Or was the public appeased because of the Moriarty factor? Because incongruously, there is a strong Moriarty factor. I say incongruously because when this Napoleon of crime was introduced in "The Final Problem" he had never been heard of before. In fact Watson makes a big to-do about not knowing anything about Holmes's so-called arch-nemesis. Yet here Conan Doyle is going against his own set canon having Moriarty wandering about prior to "The Final Problem" with Watson and the police all in the "know." It feels like there's too much back-peddling and re-writing in The Valley of Fear for my taste. Conan Doyle didn't know that Moriarty would seize the imagination of his readers so strongly, therefore he was underused at the time, just a device to rid himself of Holmes. Yet seize their imaginations he did and Conan Doyle brought him back in the only way he could. So whereas his love of writing Holmes might have waned, he still was intrigued by this master criminal and was therefore willing to bring him back as a way to enliven Holmes's narrative. It was also probably a way to remind his readers that at any time Holmes might stop exhibiting his deity-like powers and be resurrected no more. So, perhaps it was more a threat than anything else? But the problem of Moriarty, coupled with the book's structure, is the whole story feels like it's in some way-back machine where it was picking and choosing what had previously worked and creating some semblance of a Holmes story while really wanting to be anything but.
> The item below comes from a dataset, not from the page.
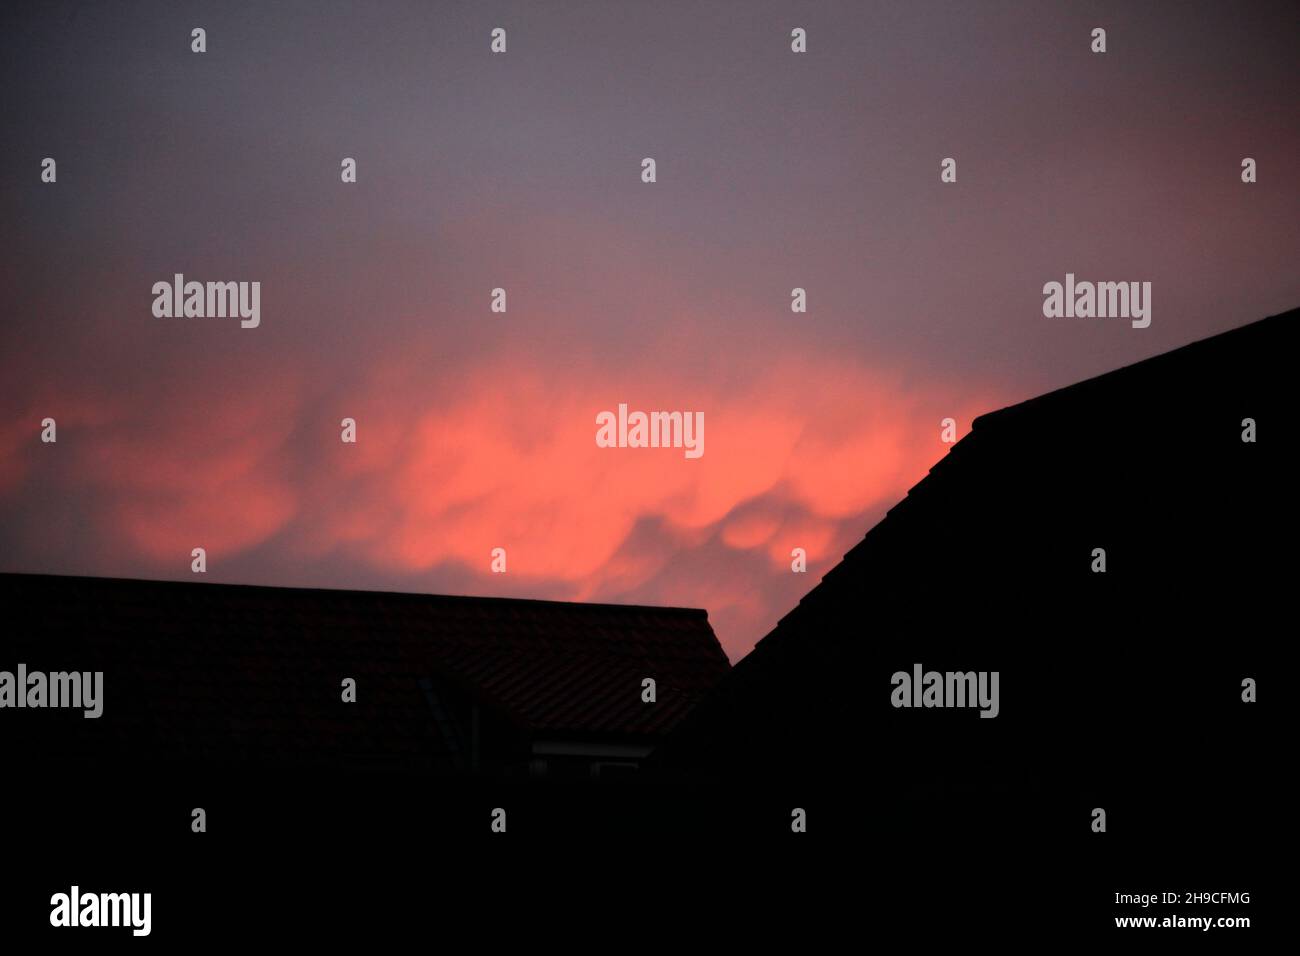 Yorkshire Sonnenaufgang - roter Himmel am Morgen Englische Volkskunde Wetterprognose Dezember Winter 2021 Stockfoto

What surprised me about The Valley of Fear was that unlike A Study in Scarlet, the American half of the book actually felt fresh and compelling. Unlike the bizarre fever dream of Mormonism in A Study in Scarlet, Conan Doyle creates a gritty world reminiscent of Deadwood and Dashiell Hammett's Red Harvest. This actually feels like a probable America, most likely because it was loosely based on real events. Reading it I was surprised by how relevant and modern it felt. When you think about Sherlock Holmes it is always as that outre detective working within a staid Victorian society. There is that nostalgia factor. Yet as Stephen Moffat and Mark Gatiss so rightly did when they revitalized the stories for Sherlock they focused on the fact that the stories weren't meant to be caught in these Victorian trappings. The stories were contemporary, of their time, and fresh. Why else were they so popular? Reading them a hundred years later it is almost impossible not to be caught up in the Victoriana, in the minutiae. But then you read The Valley of Fear and it smacks you in the face. It's so alive, so dark, so gritty, so full of corruption and bleakness that you get it. All of a sudden you get that Conan Doyle, while somehow caught in the amber of the past, really isn't of the past, he's creating studies of human nature that are just as relevant today as they were a hundred years ago!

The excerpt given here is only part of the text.